Наше исследование пролило свет на экспрессию онкогена в условиях пониженного pH, и эта система может продвинуть наши исследования в изучении протоковой аденокарциномы поджелудочной железы в условиях воспаления. Таким образом, будущая цель этого исследования заключается в оценке роли повышенной экспрессии онкогенов в инициации опухолей при воспалительных состояниях, таких как хронический панкреатит. Для начала приобретите нормальную линию протоковых клеток поджелудочной железы человека.
Разморозьте клетки при температуре 37 градусов Цельсия на водяной бане. Теперь процедите свежеприготовленную готовую среду через шприц-фильтр. Добавьте шесть миллилитров готовой среды в новую коническую трубку объемом 15 миллилитров.
Затем переложите размороженную клеточную суспензию в пробирку и тщательно перемешайте. Центрифугируйте суспензию при 1 800 G в течение шести минут. Выбросьте надосадочную жидкость и добавьте в гранулу один миллилитр питательной среды перед аккуратным перемешиванием.
Далее добавьте в чашку Петри четыре миллиметра 60 миллилитров полной среды. Затем пипеткой каплю клеточной суспензии в колбу. Инкубируйте культуру при температуре 37 градусов Цельсия при добавлении 5% углекислого газа.
Чтобы изменить рН питательной среды, сначала приготовьте 100 мл 0,5 молярных буферных растворов фосфата натрия со значениями рН 6,0, 6,5 и 7,0. Проверьте pH с помощью рН-метра и отрегулируйте его с помощью одной молярной соляной кислоты или одного молярного гидроксида натрия. Затем процедить, простерилизовать буферы в ламинарном вытяжном шкафу с помощью шприцевого фильтра 0,45 мкм.

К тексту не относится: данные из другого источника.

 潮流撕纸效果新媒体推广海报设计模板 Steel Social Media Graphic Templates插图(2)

Далее в 80 мл питательной среды добавляют 20 мл стерильного 0,5 молярного натрия фосфатного буфера соответствующего рН для приготовления сред с различным рН. Добавьте среду с измененным pH до 85-90% сливающихся протоковых клеток поджелудочной железы человека. Наблюдайте за морфологическими изменениями под светлопольным микроскопом с интервалом в один час в течение шести часов.
Чтобы выделить РНК из культуры, сначала отсадите питательную среду и промойте клетки одним миллилитром PBS. Поставьте 60-миллиметровую тарелку на лед, затем один миллилитр PBS на 60-миллиметровую тарелку и соскребите ячейки скребком для клеток. Теперь переложите суспензию в свежую трубку.

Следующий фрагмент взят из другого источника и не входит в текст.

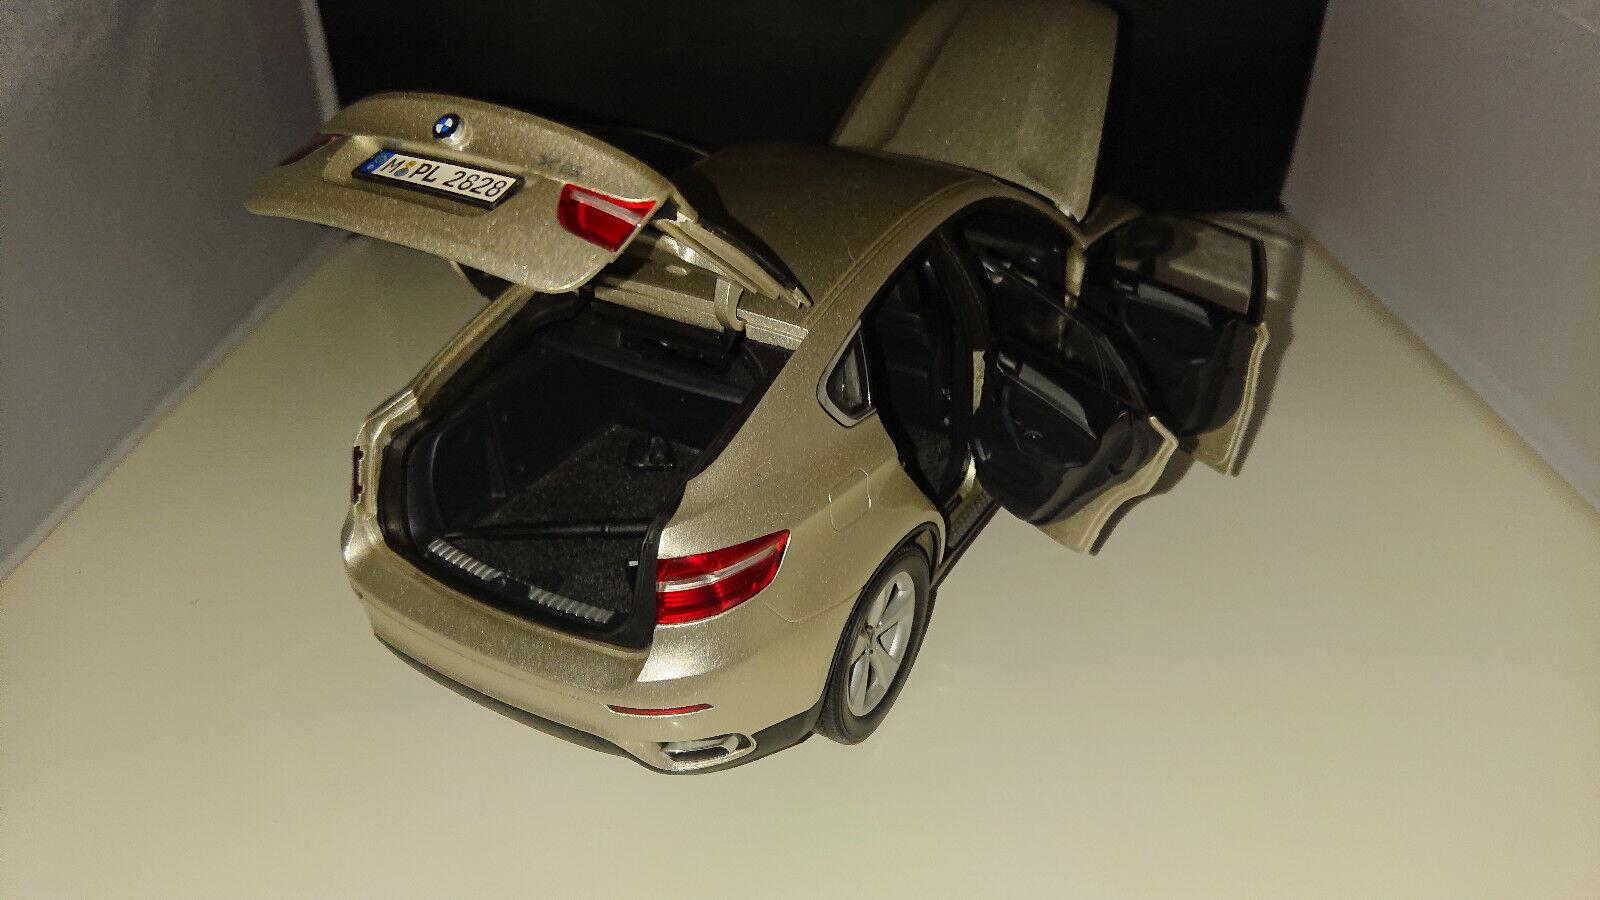 1 18 KYOSHO BMW x6 5,0 v8 argentoO e71 minerale argentoO v8 METALLIZZATO ac6b12

Центрифугируйте его при 8 000 G в течение 10 минут и выбросьте надосадочную жидкость. Далее добавьте в гранулу 600 микролитров буфера для лизиса, содержащего бета-меркаптоэтанол. Пипетка суспензии вверх и вниз в течение пяти-10 минут на льду.
Добавьте в лизат равный объем 70% этанола и пипеткой в суспензию тщательно перемешайте. Перенесите раствор в колонку с кварцевой мембраной. Затем центрифугируйте колонку при давлении более 8 000 G в течение 30 секунд и отбросьте поток.

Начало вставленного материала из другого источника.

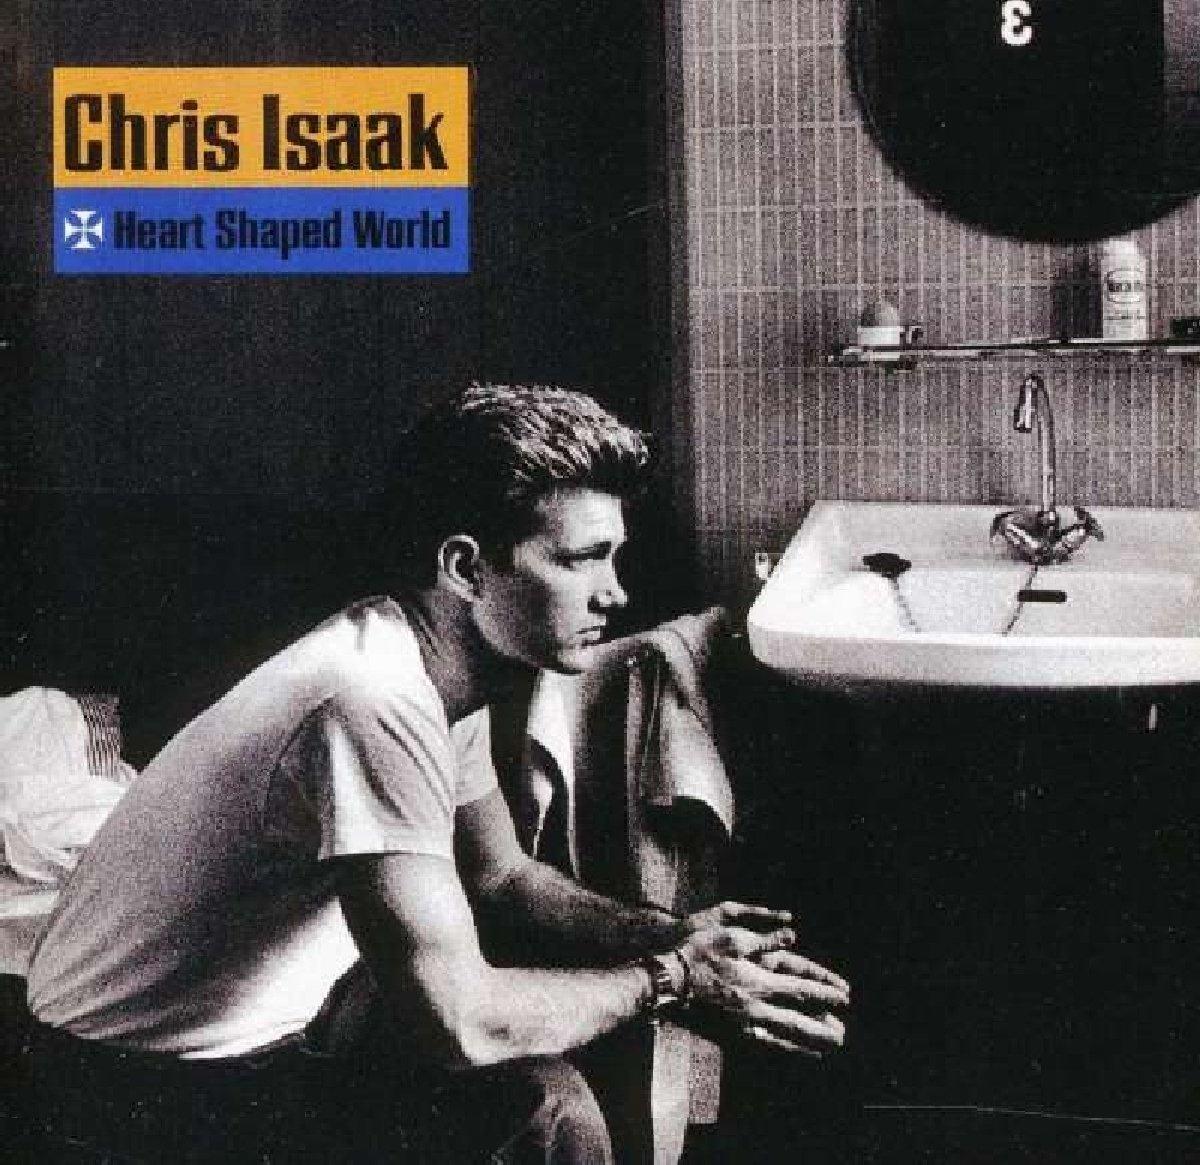 Chris Isaak - Heart Shaped World (CD)

Далее добавьте в образец 500 микролитров промывочного буфера и снова центрифугируйте. Центрифугируйте пустую пробирку в течение одной минуты при давлении более 8 000 G. Наконец, добавьте в колонку от 30 до 50 микролитров воды, свободной от нуклеазы. После пятиминутной инкубации при комнатной температуре снова центрифугируйте колонку со скоростью выше 8000 G в течение пяти минут.
Наблюдалось значительное уменьшение размера клеток и усадка пластичных клеток в кислой среде по сравнению с клетками, содержащимися в нормальной среде. Наиболее выраженные изменения в гибели клеток происходили после шести часов инкубации с дальнейшим снижением количества клеток и признаками клеточного стресса через 22 часа. Количество активированных генов было самым высоким при pH 6,5 со 148 генами, за ним следовали pH 7 с 109 генами и pH 6 с 90 генами.
Пониженных генов было меньше: 20 при pH 6, 14 при pH 6,5 и 23 при pH 7. Три онкогена, LCK, FGR и ASAP 3, были повышены по всем исследуемым уровням pH, что указывает на их роль в пролиферации клеток в кислых условиях.